I wanted to hear no one’s thoughts. If I couldn’t have assurance, no one could. And if I couldn’t stand my own thoughts, why should I grant you yours? In Aesop’s Fables, I was the dog in the manger.
I stayed like this for a while, and in part, I still am like this. But I did of course hear lots of people’s thoughts over the months that went by, and some were helpful. One was particularly helpful, in its factual simplicity: I was having dinner with a group of old friends, and one said to me, “And why did you have to get a concussion? That’s unfair. Like, I didn’t even have a bad year, and I didn’t have to get a concussion. But you did. That just seems like too much for one person”.
We don’t make people weak by telling them bad things happened to them. The same way a tree wouldn’t be missing more limbs if you went out into the yard and said to it “Someone cut your branches off. That’s really unfair”. We don’t make a person more sad by pointing out that they have a good reason to be sad. Depression isn’t fomented by the mere mention of the word.

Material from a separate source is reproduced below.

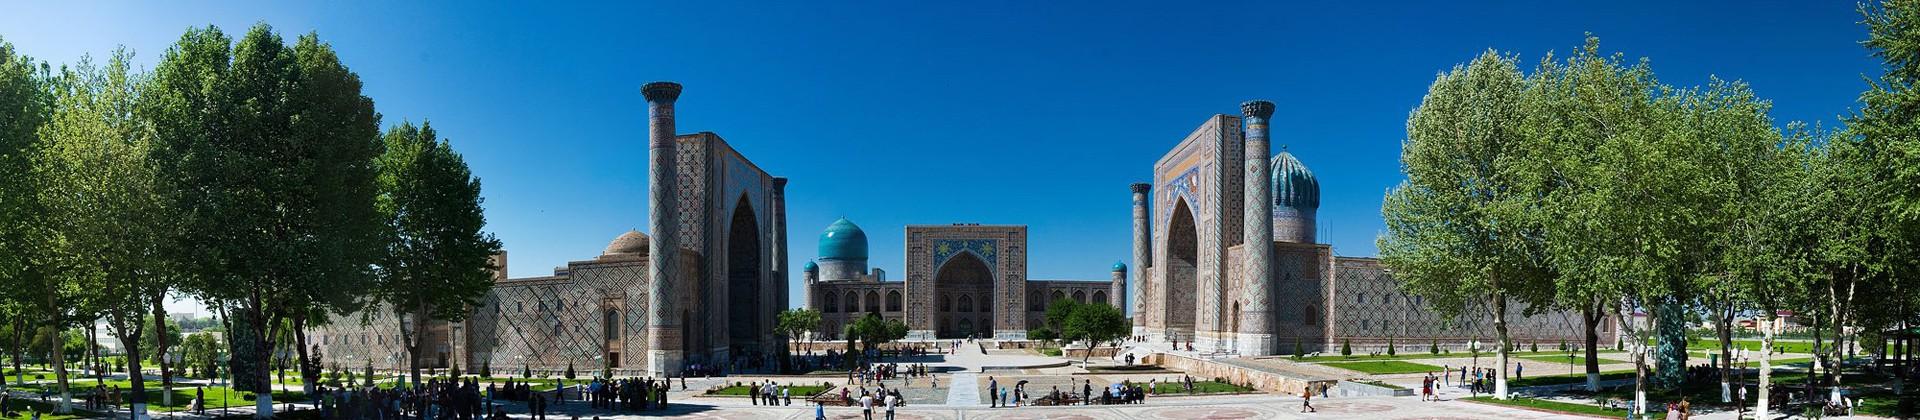 Hush Kelibsiz or Welcome to Uzbekistan! (Economy) - 1

And the thing is, we usually do know how to solve our own problems, so we don’t need much help. We just need someone to take stock for us, to acknowledge the state of things. For someone to say to us “You are here, and you have had to feel pain, and you are likely still feeling it, and I see that”.
Because being told you’re feeling pain is the same as being told you’re alive - you can’t feel pain when you’re dead. And that’s the crucial part in regaining some movement: believing that you’re still alive, and might even be for a little while yet.